Here, set down only the lines between the line that contains "Lot of glasses" and the final line of the material, both included, exactly as written. Skip the pictures.

Start of DATASET EXTRACT

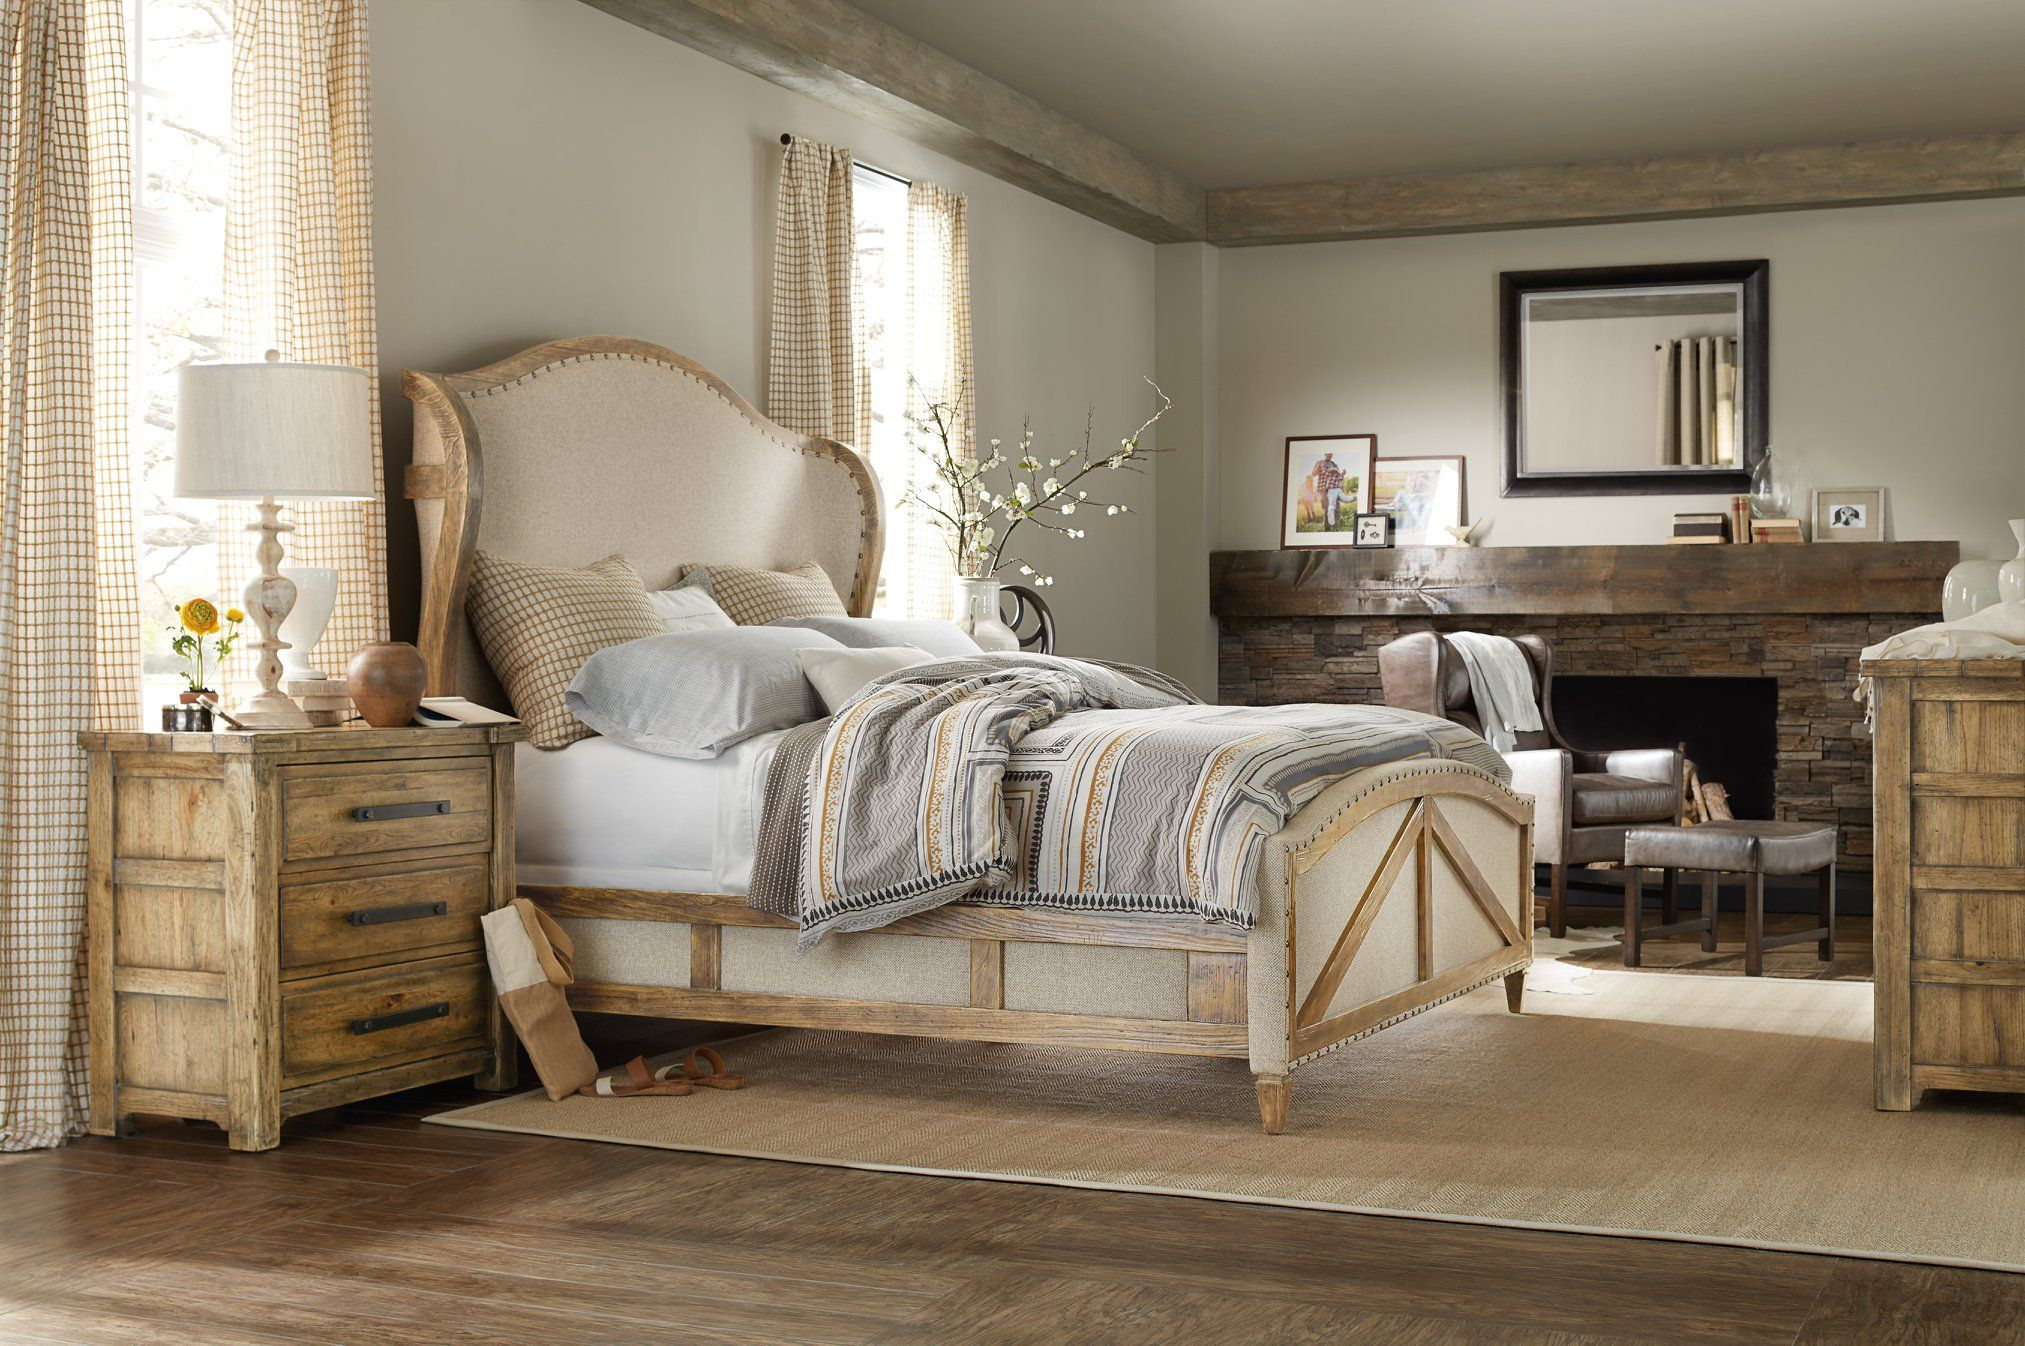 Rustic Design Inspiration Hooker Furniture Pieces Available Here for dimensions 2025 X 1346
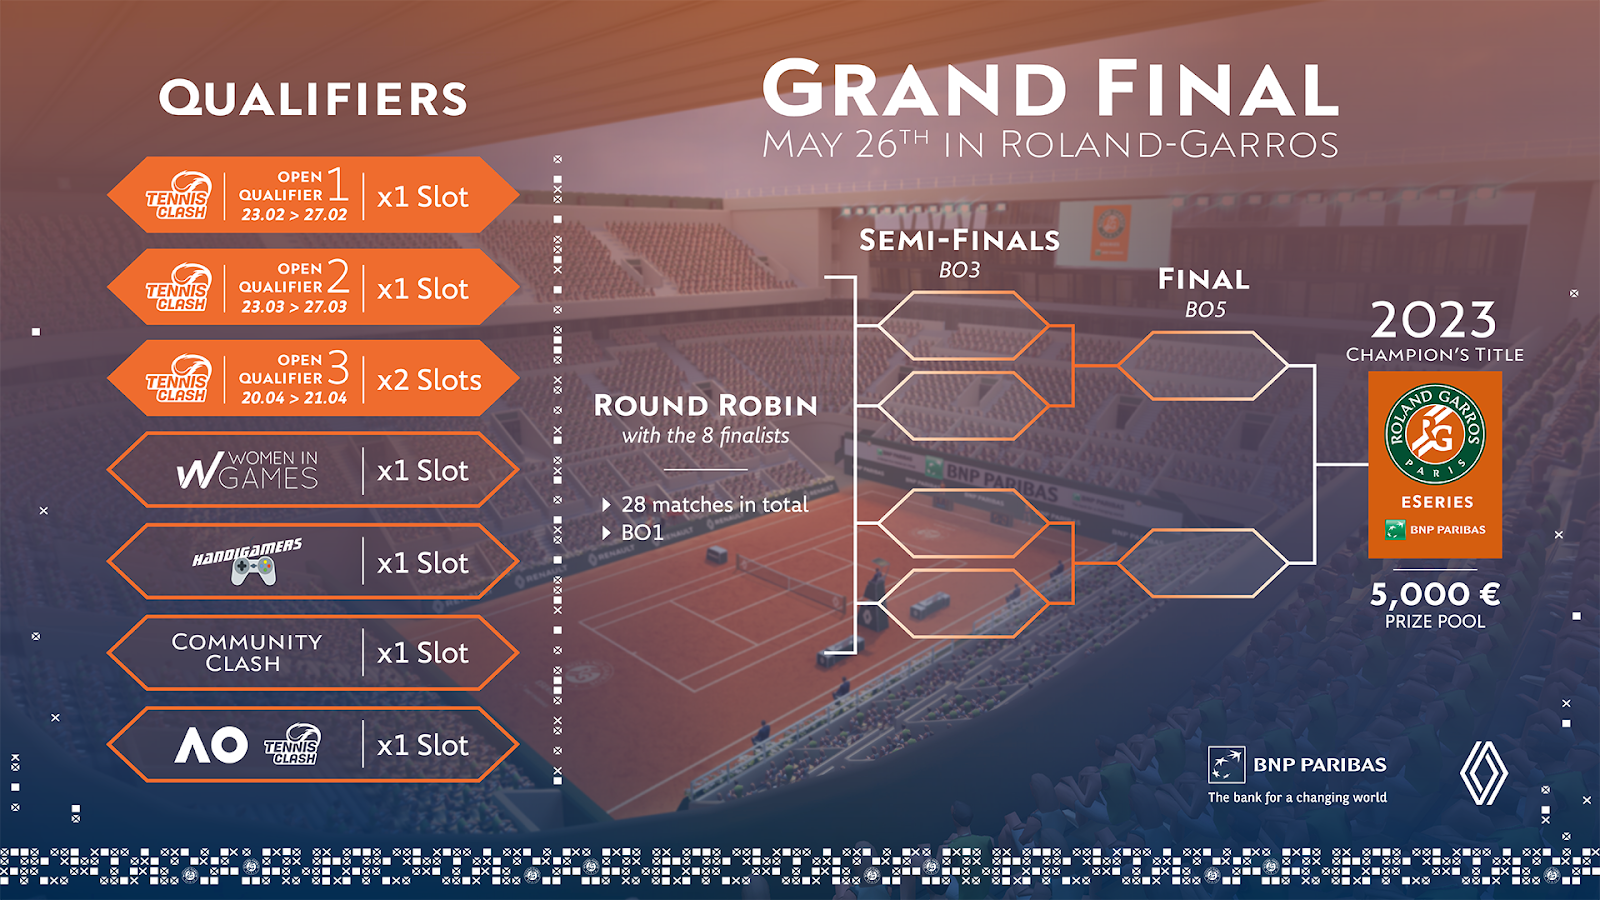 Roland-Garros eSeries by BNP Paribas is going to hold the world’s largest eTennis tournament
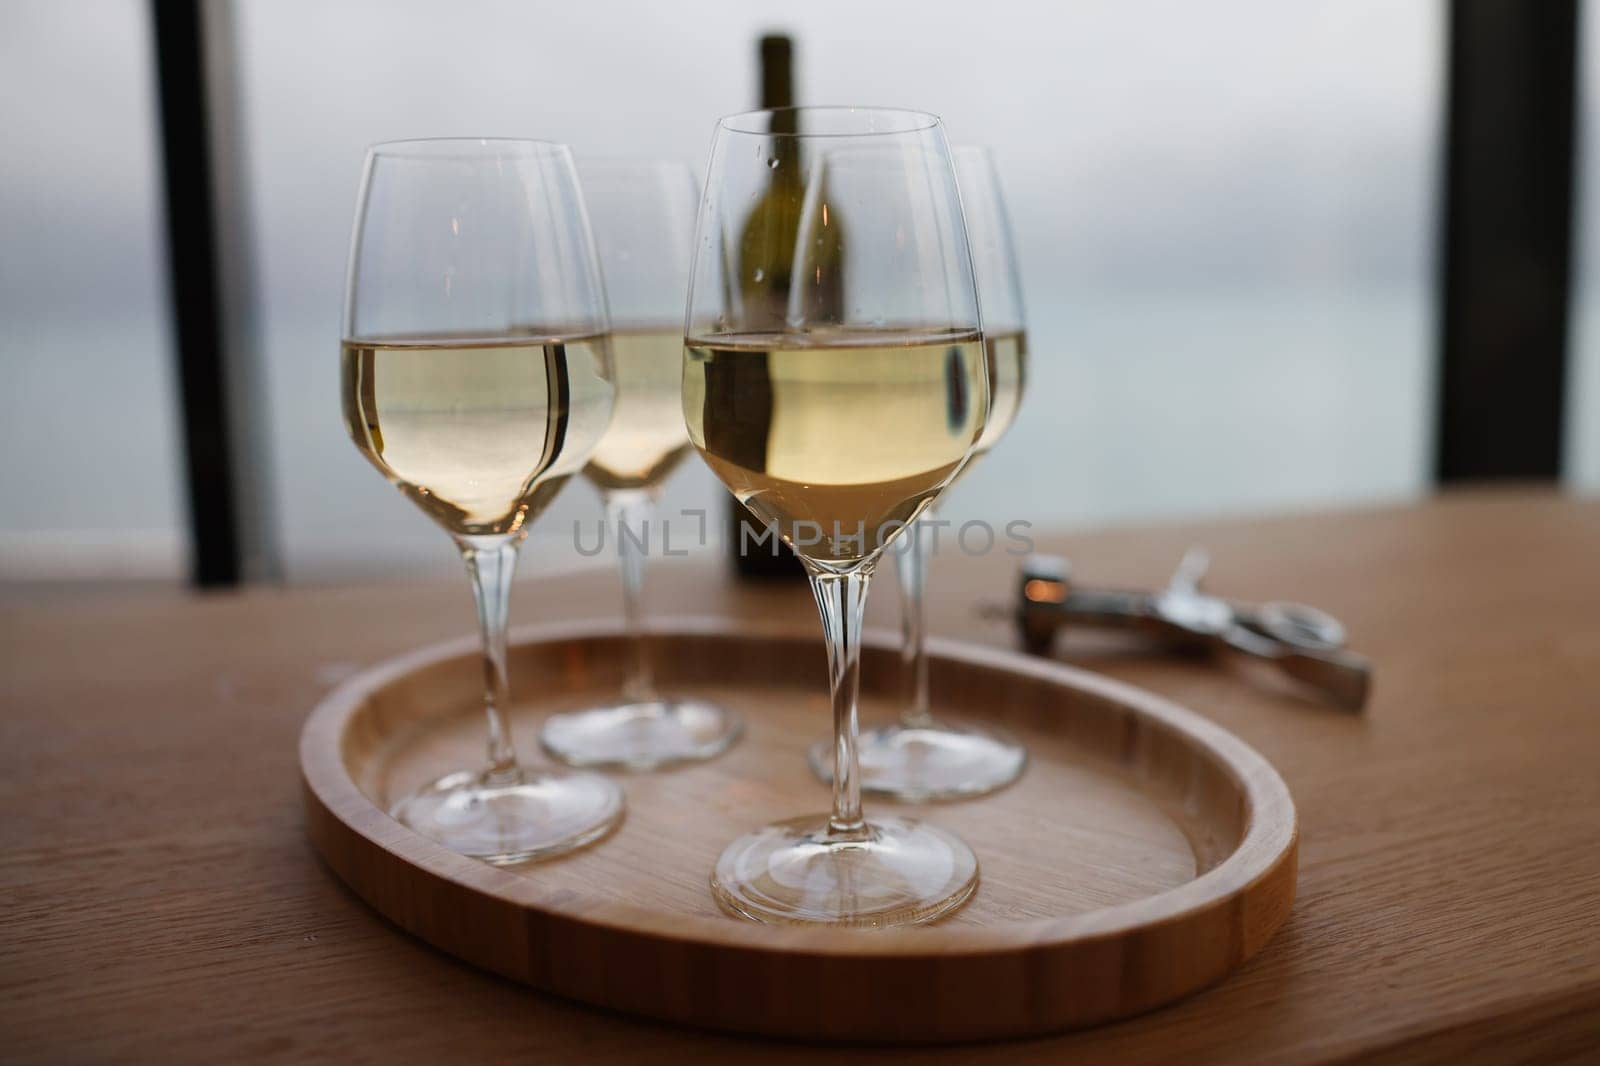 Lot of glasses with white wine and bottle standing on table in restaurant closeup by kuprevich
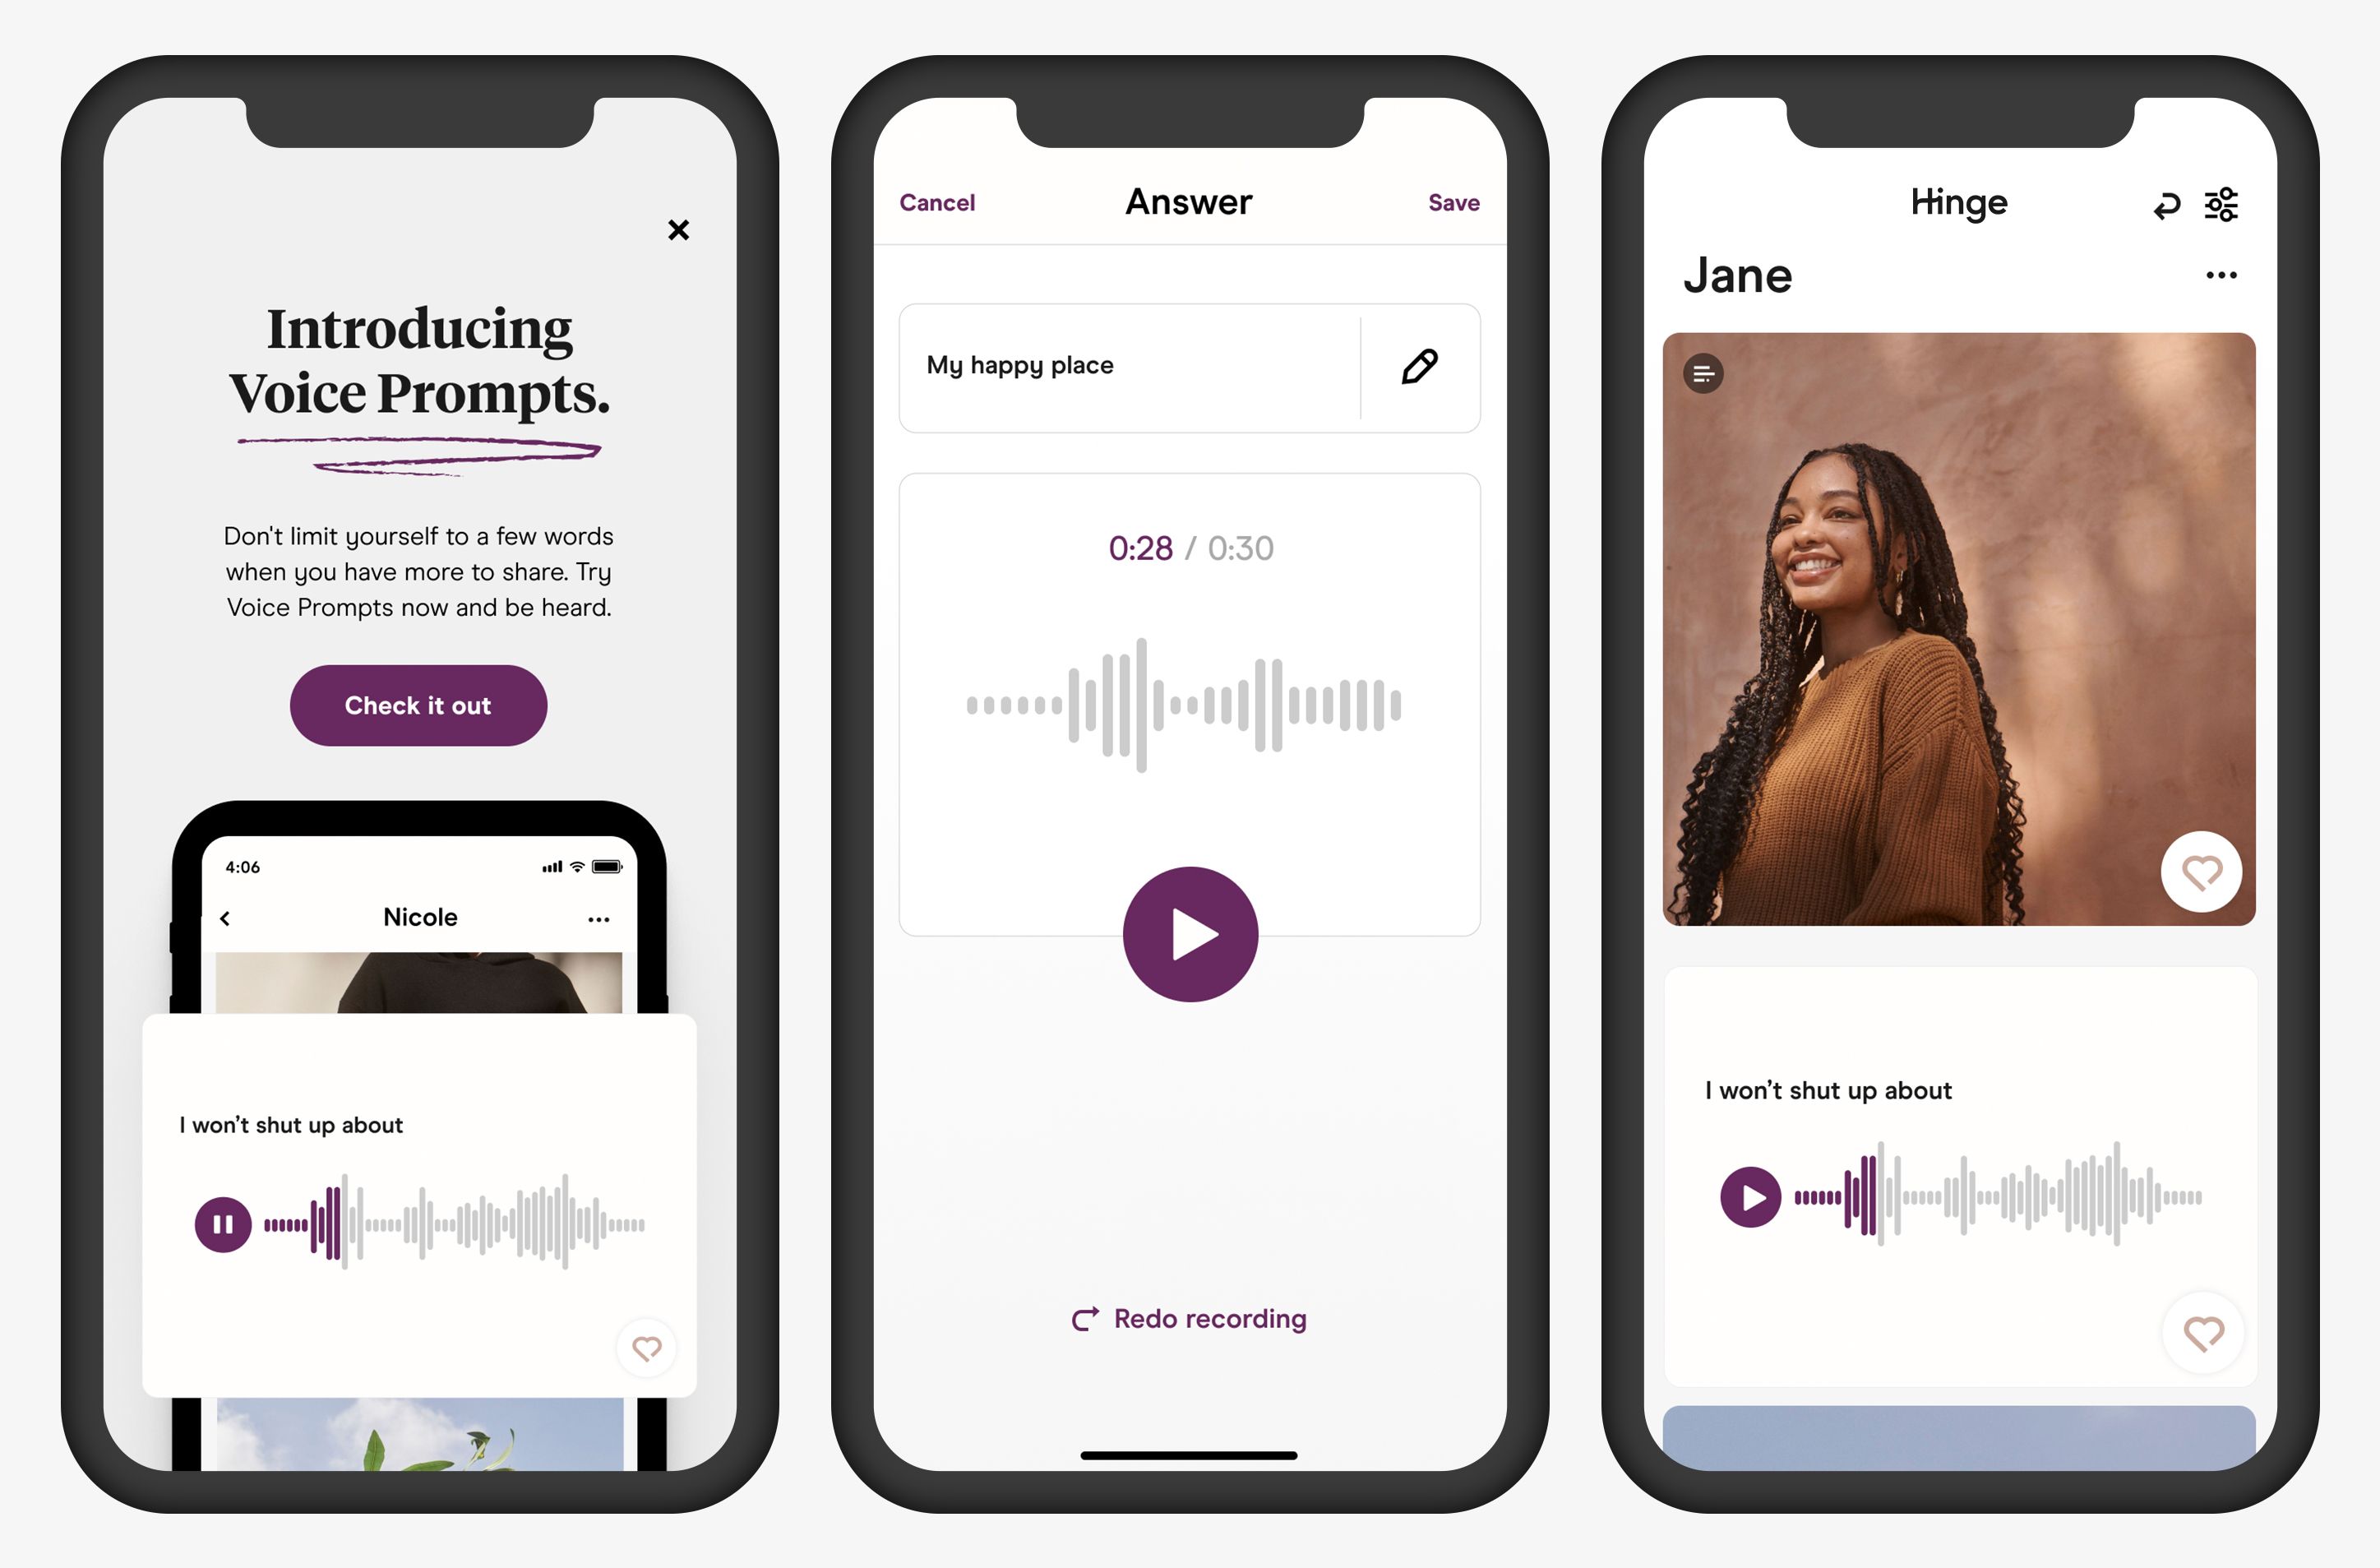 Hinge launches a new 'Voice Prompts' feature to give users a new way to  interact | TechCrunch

End of DATASET EXTRACT

ANSWER.
 Lot of glasses with white wine and bottle standing on table in restaurant closeup by kuprevich
 Hinge launches a new 'Voice Prompts' feature to give users a new way to  interact | TechCrunch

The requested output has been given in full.